In the content of Aileen’s nature was a portion that was purely histrionic, a portion that was childish—petted and spoiled—a portion that was sheer unreason, and a portion that was splendid emotion—deep, dark, involved. At this statement of Cowperwood’s which seemed to throw her back on herself forever and ever to be alone, she first pleaded willingness to compromise—to share. She had not fought Stephanie Platow, she had not fought Florence Cochrane, nor Cecily Haguenin, nor Mrs. Hand, nor, indeed, anybody after Rita, and she would fight no more. She had not spied on him in connection with Berenice—she had accidentally met them. True, she had gone with other men, but? Berenice was beautiful, she admitted it, but so was she in her way still—a little, still. Couldn’t he find a place for her yet in his life? Wasn’t there room for both?

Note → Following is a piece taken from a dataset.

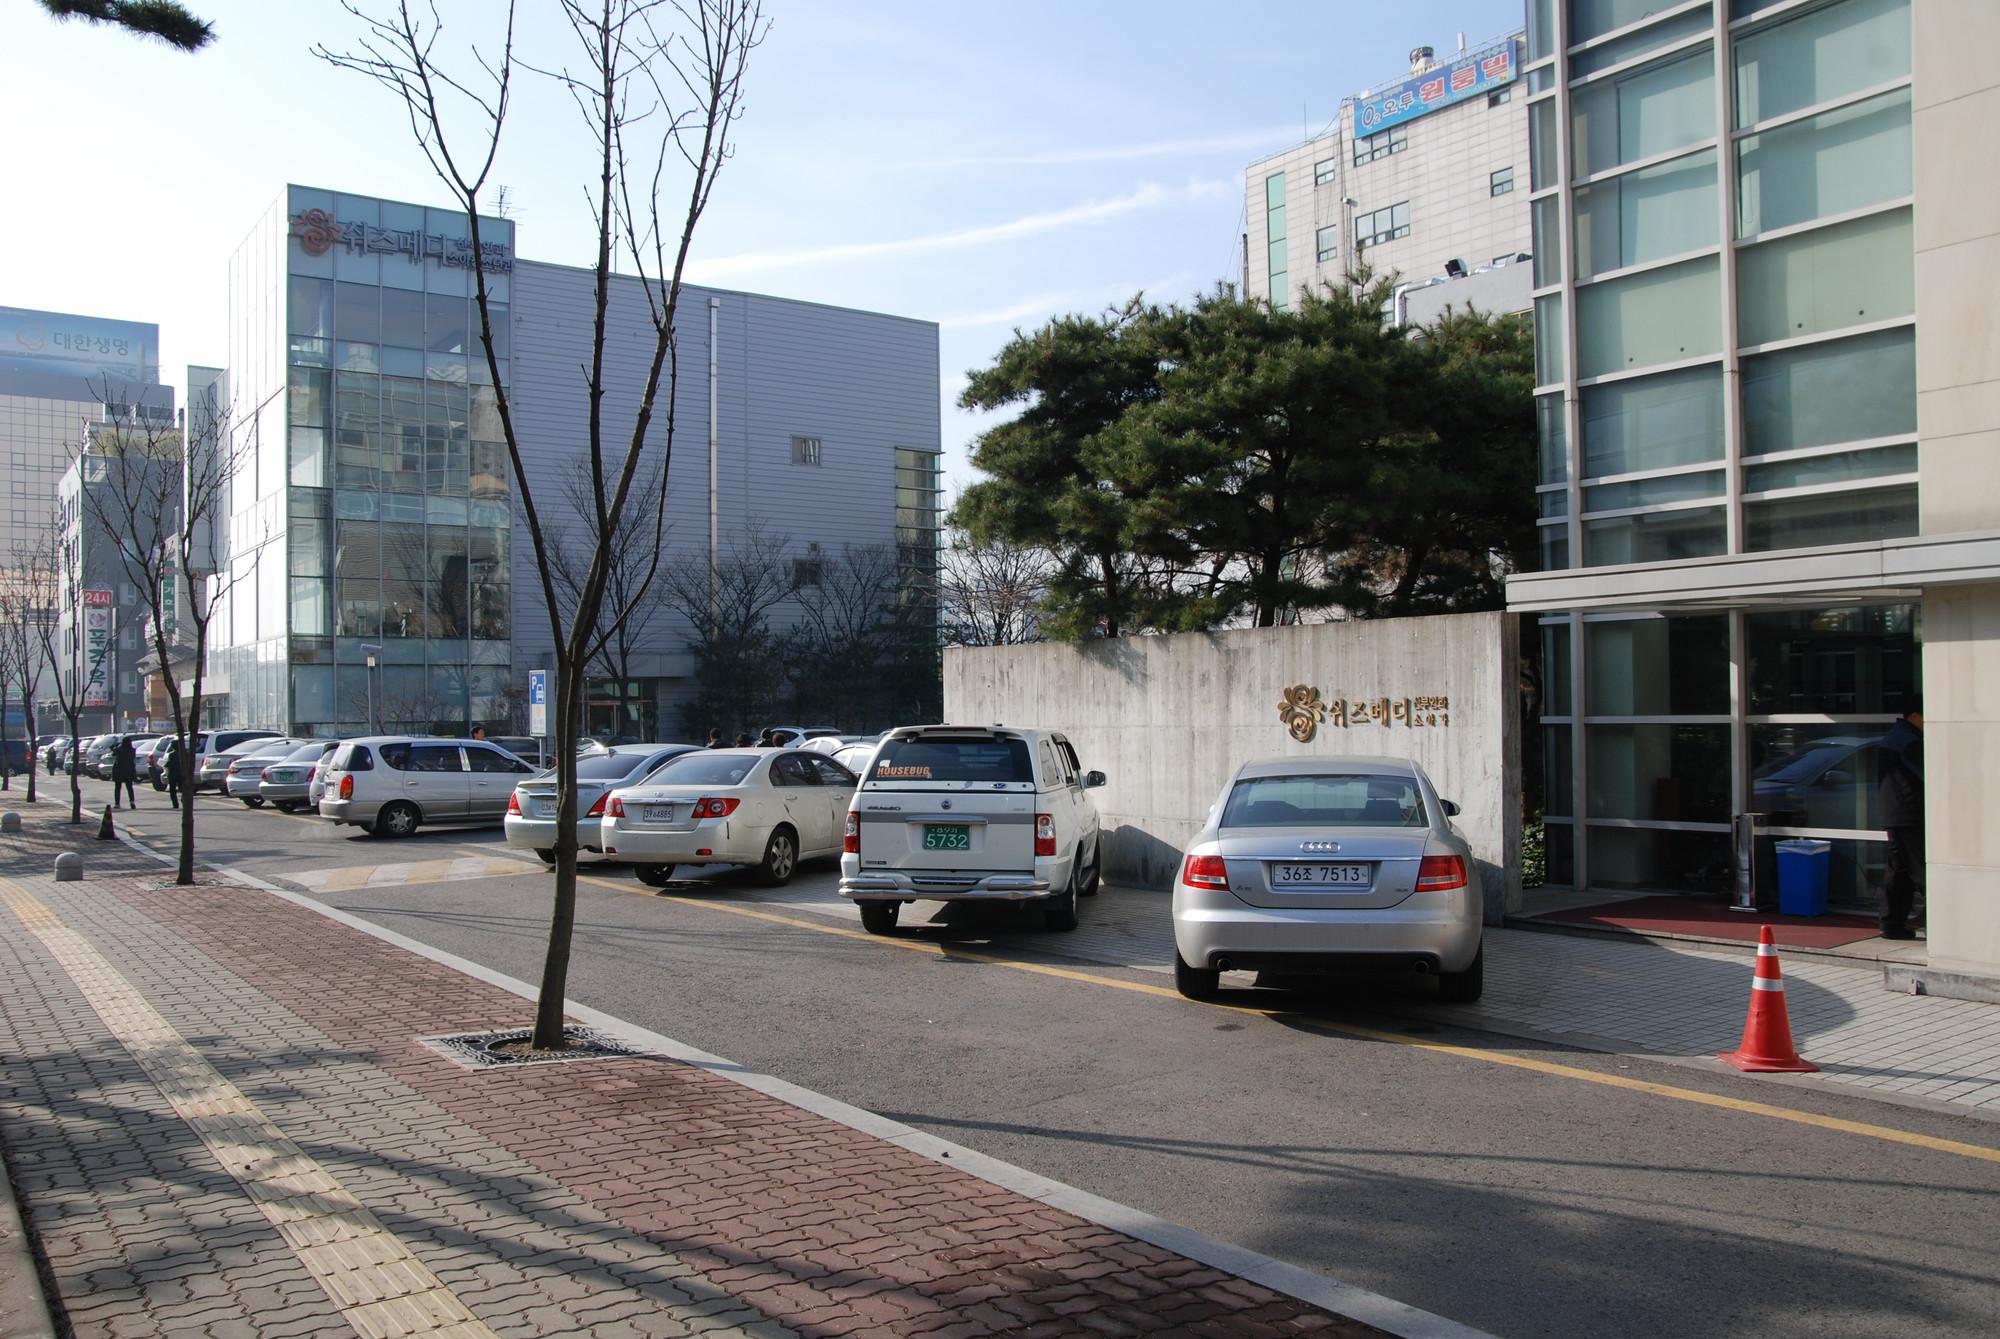 Shesmedi Hospital / Yeonghwan Lim + Sunhyun Kim

At this expression of humiliation and defeat Cowperwood was sad, sick, almost nauseated. How could one argue? How make her understand?
“I wish it were possible, Aileen,” he concluded, finally and heavily, “but it isn’t.”
All at once she arose, her eyes red but dry.
“You don’t love me, then, at all, do you? Not a bit?”
“No, Aileen, I don’t. I don’t mean by that that I dislike you. I don’t mean to say that you aren’t interesting in your way as a woman and that I don’t sympathize with you. I do. But I don’t love you any more. I can’t. The thing I used to feel I can’t feel any more.”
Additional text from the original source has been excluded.